Application for a residency position in neurosurgery is a highly competitive process. Visiting subinternships and interviews are integral parts of the application process that provide applicants and programs with important information, often influencing rank list decisions. However, the process is an expensive one that places significant financial burden on applicants. In this study, the authors aimed to quantify expenses incurred by 1st-year neurosurgery residents who matched into a neurosurgery residency program in 2014 and uncover potential trends in expenses.

METHODS

A 10-question survey was distributed in partnership with the Society of Neurological Surgeons to all 1st-year neurosurgery residents in the United States. The survey asked respondents about the number of subinternships, interviews, and second looks (after the interview) attended and the resultant costs, the type of program match, preferences for subinternship interviews, and suggestions for changes they would like to see in the application process. In addition to compiling overall results, also examined were the data for differences in cost when stratifying for region of the medical school or whether the respondent had contact with the program they matched to prior to the interview process (matched to home or subinternship program).

RESULTS

The survey had a 64.4% response rate.

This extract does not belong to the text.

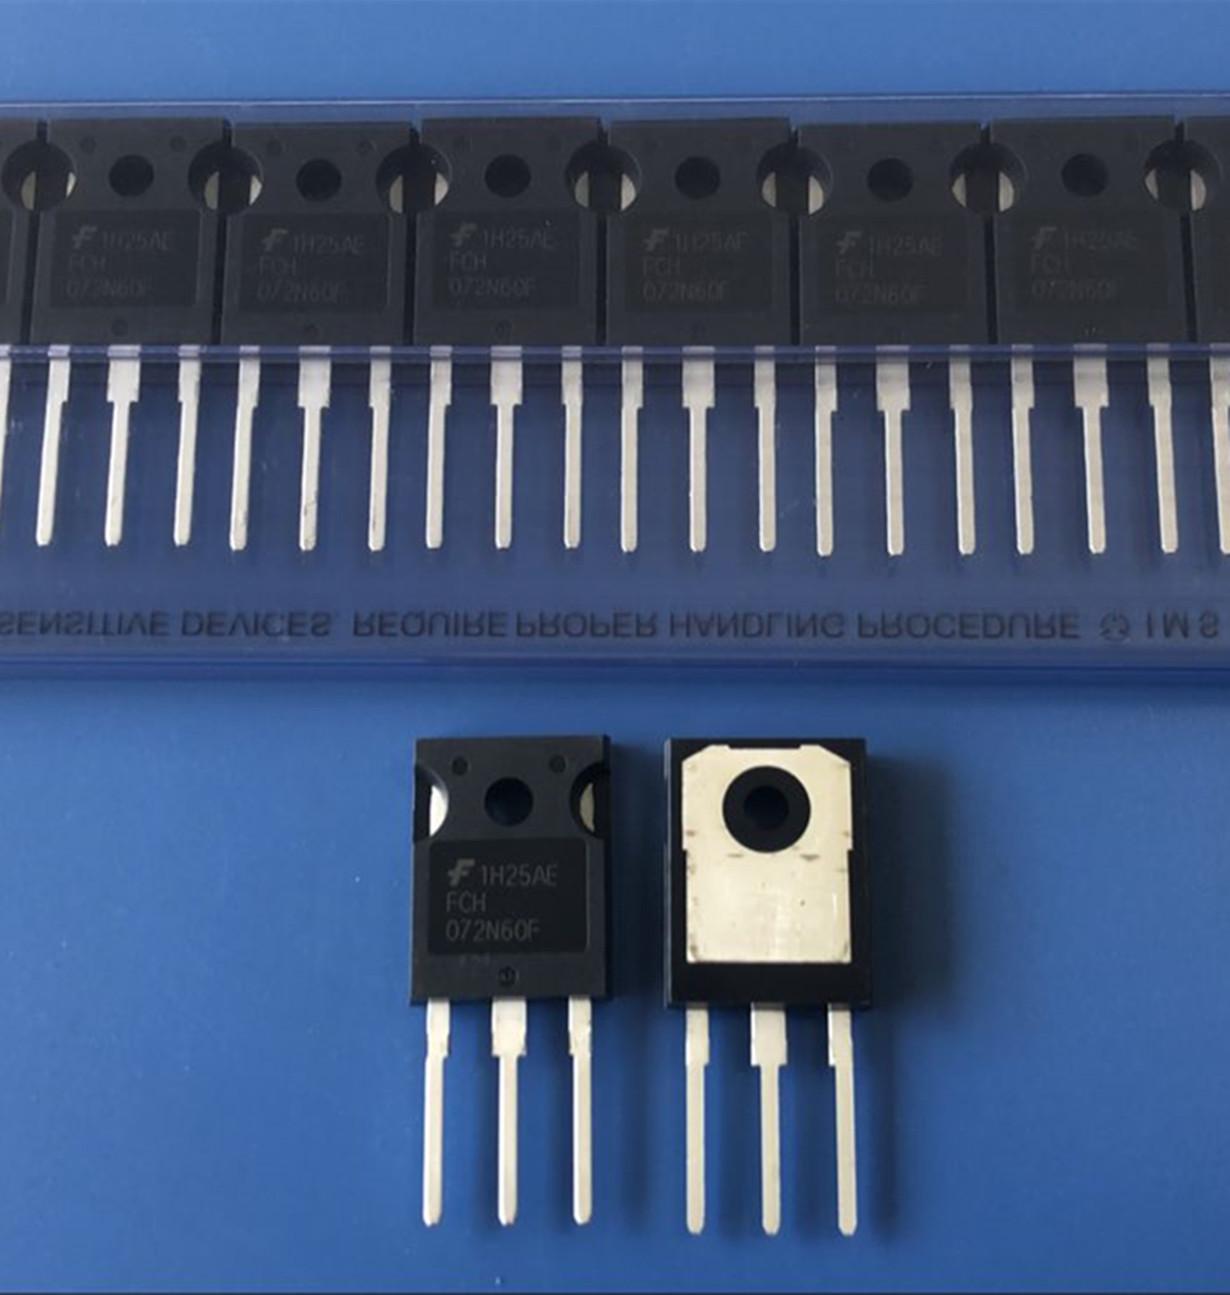 晟鑫微科技提供品质好的场效应管FCH072N60F-推荐场效应管FCH072N60F

The mean total expenses for all components of the application process were US $10,255, with interview costs comprising the majority of the expenses (69.0%). No difference in number of subinternships, interviews, or second looks attended, or their individual and total costs, was seen for applicants from different regions of the United States. Respondents who matched to their home or subinternship program attended fewer interviews than respondents who had no prior contact with their matched program (13.5 vs 16.4, respectively, p = 0.0023) but incurred the same overall costs (mean $9774 vs $10,566; p = 0.58).

CONCLUSIONS

Securing a residency position in neurosurgery is a costly process for applicants. No differences are seen when stratifying by region of medical school attended or contact with a program prior to interviewing. Interview costs comprise the majority of expenses for applicants, and changes to the application process are needed to control costs incurred by applicants.